Larger than Life and Worth Every Gray Hair
So, I digress....how does a bit of rain help to bail out this sinking ship?  I need my son's baseball game to be cancelled.  Yep, I'm rooting for a downpour.  Boo! bad Mommy.  Let's take a brief look at my week, before you judge me too harshly.  (This is only the after-school activities so we're not even mentioning work and other engagements before 3pm, also take into consideration meals, homework, housework, and there's this chicken poop thing.....).  Mon:  Dress rehearsal for Char in Paramus 4:15- 5:40 and baseball game for Jason in Hawthorne 4:00-6:00 (easy-breezy!).  Tues:  Twins tutoring 3:30-4:30, Jason baseball in North Haledon 3:00-5:00, Luke baseball in West Milford 5:45-7:45.  Wed:  Jason baseball in North Haledon 3:00-5:00, Gwen concert 6:00-8:30.  Thurs:  Twins tutoring 3:30-4:30, Jason game in Pompton Lakes 4:00-6:00, Gwen dress rehearsal 5:00-8:00.  Fri:  Jason baseball in Glen Rock 4:00-6:00, Luke baseball in West Milford 5:45-6:45.  Then, more baseball and 3 dance recitals this weekend.  Husband: WORKING.  Nanny:  Hahahahaaaaaaaaa! 
This boy, the computer nerd, made a double play last Thursday.
Just like at home.....yeah right!
This is where a good belly-breath would be appropriate.  "Imagine your belly as a pink balloon...."  See a prior blog if you don't know what I'm talking about.  So, am I over-scheduled?  Yes.  Are my kids over-scheduled?  Not individually.  There's just so many of the little buggers!  Could I simplify my life?  Absolutely.  I could tell them, no dancing, no sports, no extracurricular activities.  Will I do that?  Nope.  I do have a rule that you only can play one sport per season and only on one team.  I also usually have them take the winter off, except for Jason with snow-boarding and Maddie is begging for basketball next year so that hiatus may be short-lived.  I think that all of these activities are important to their development as well-rounded individuals.  I like to encourage them to exercise their minds and their bodies.  Working as a team is an important skill that they can use throughout their lives.  It's just that everything comes to a head this time of year.

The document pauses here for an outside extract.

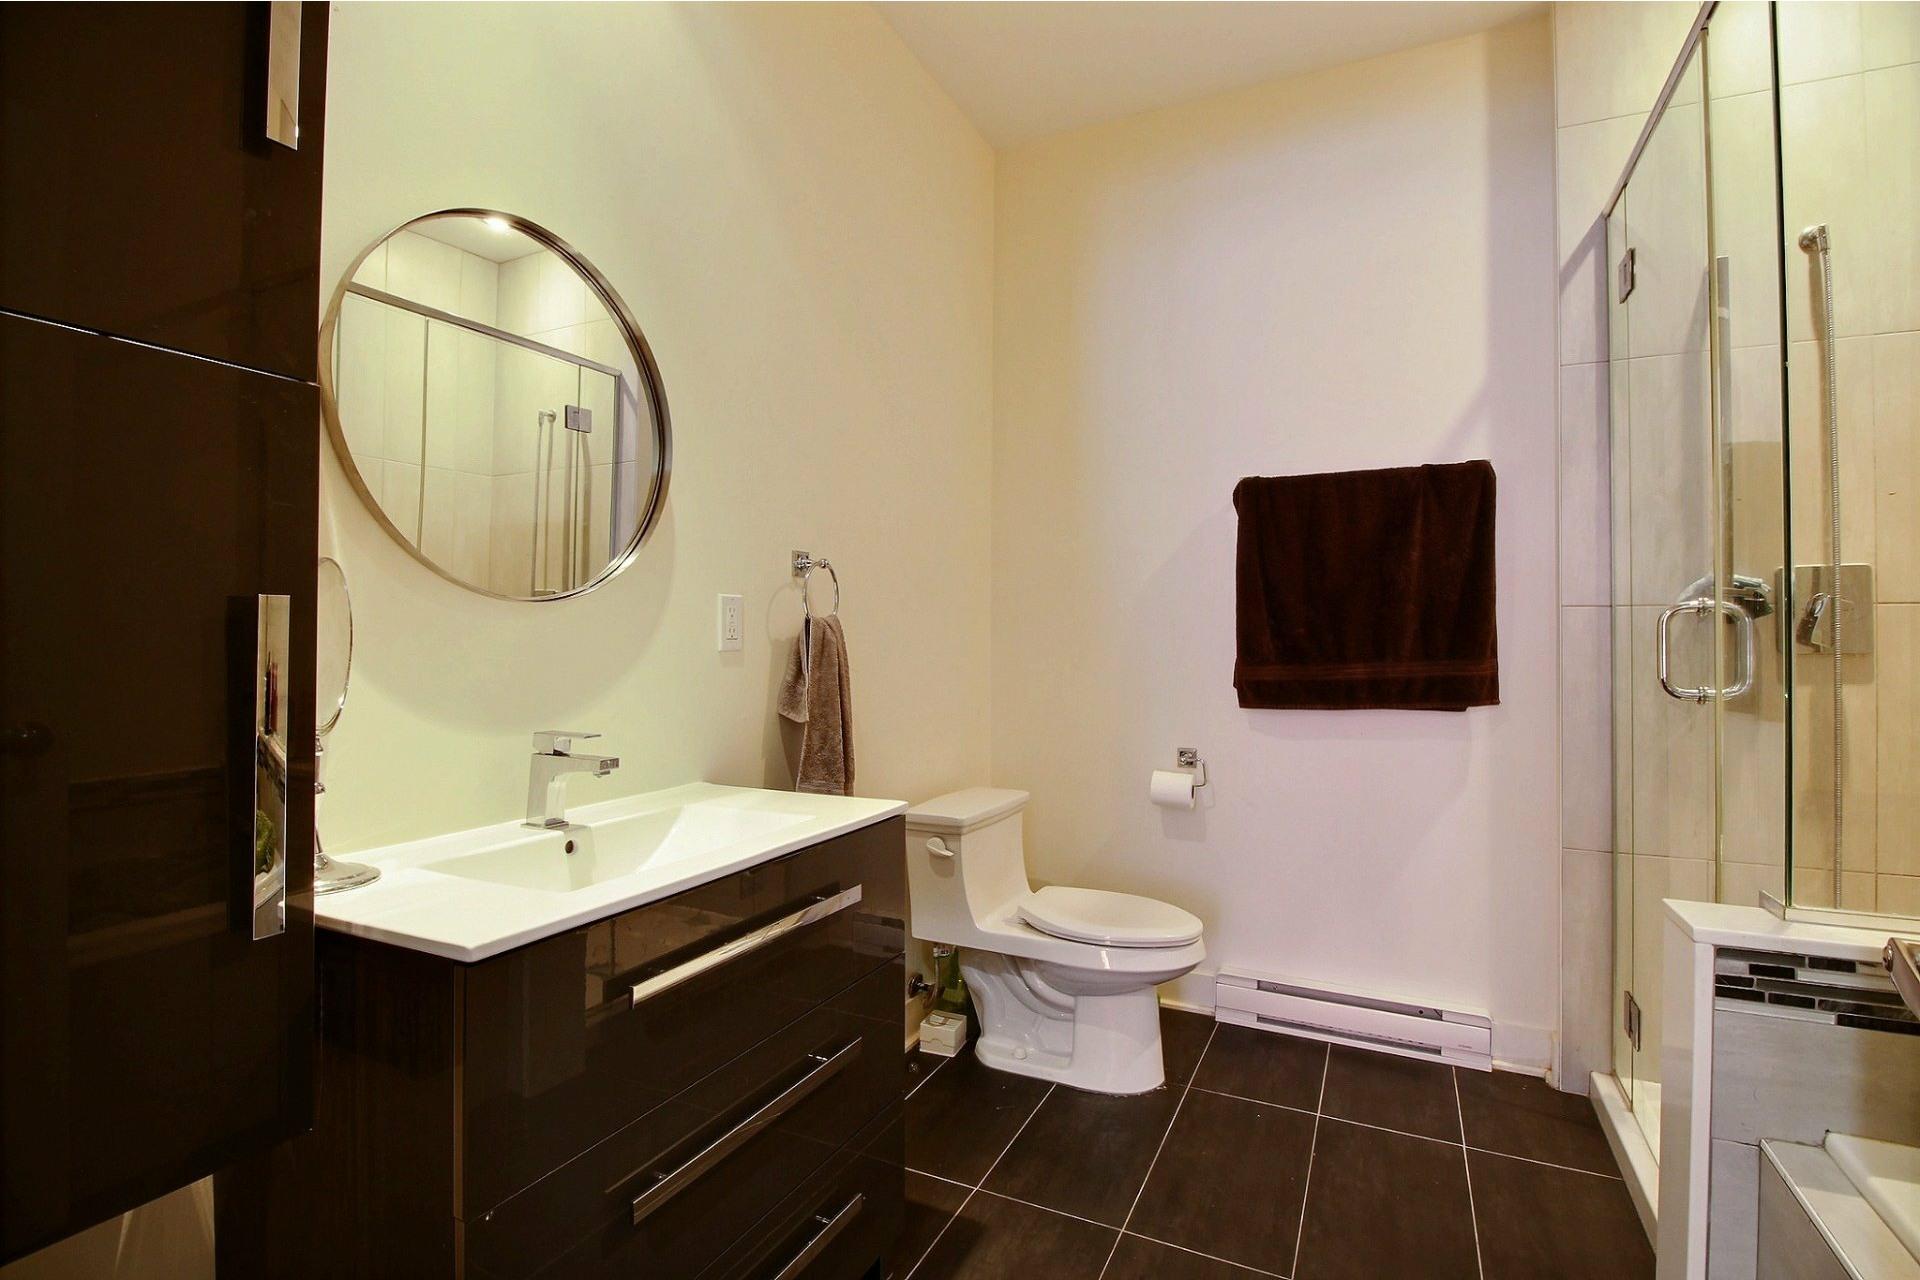 image 15 - Appartement À louer Rivière-des-Prairies/Pointe-aux-Trembles Montréal  - 6 pièces

My "New Years" starts in September.  June officially ends my year.  July and August are two delicious bonus months of limbo.  So with that, May means games, recitals, concerts, projects due, class trips taken and deadlines made.  It's all of the wonderful things that we've been working on for 9 months giving birth.  It's a messy business.   So I breath, I take pictures, I freak out sometimes,  I screw-up, I get so proud that I cry and sometimes I pray for rain.  Oh, and I wouldn't change a thing.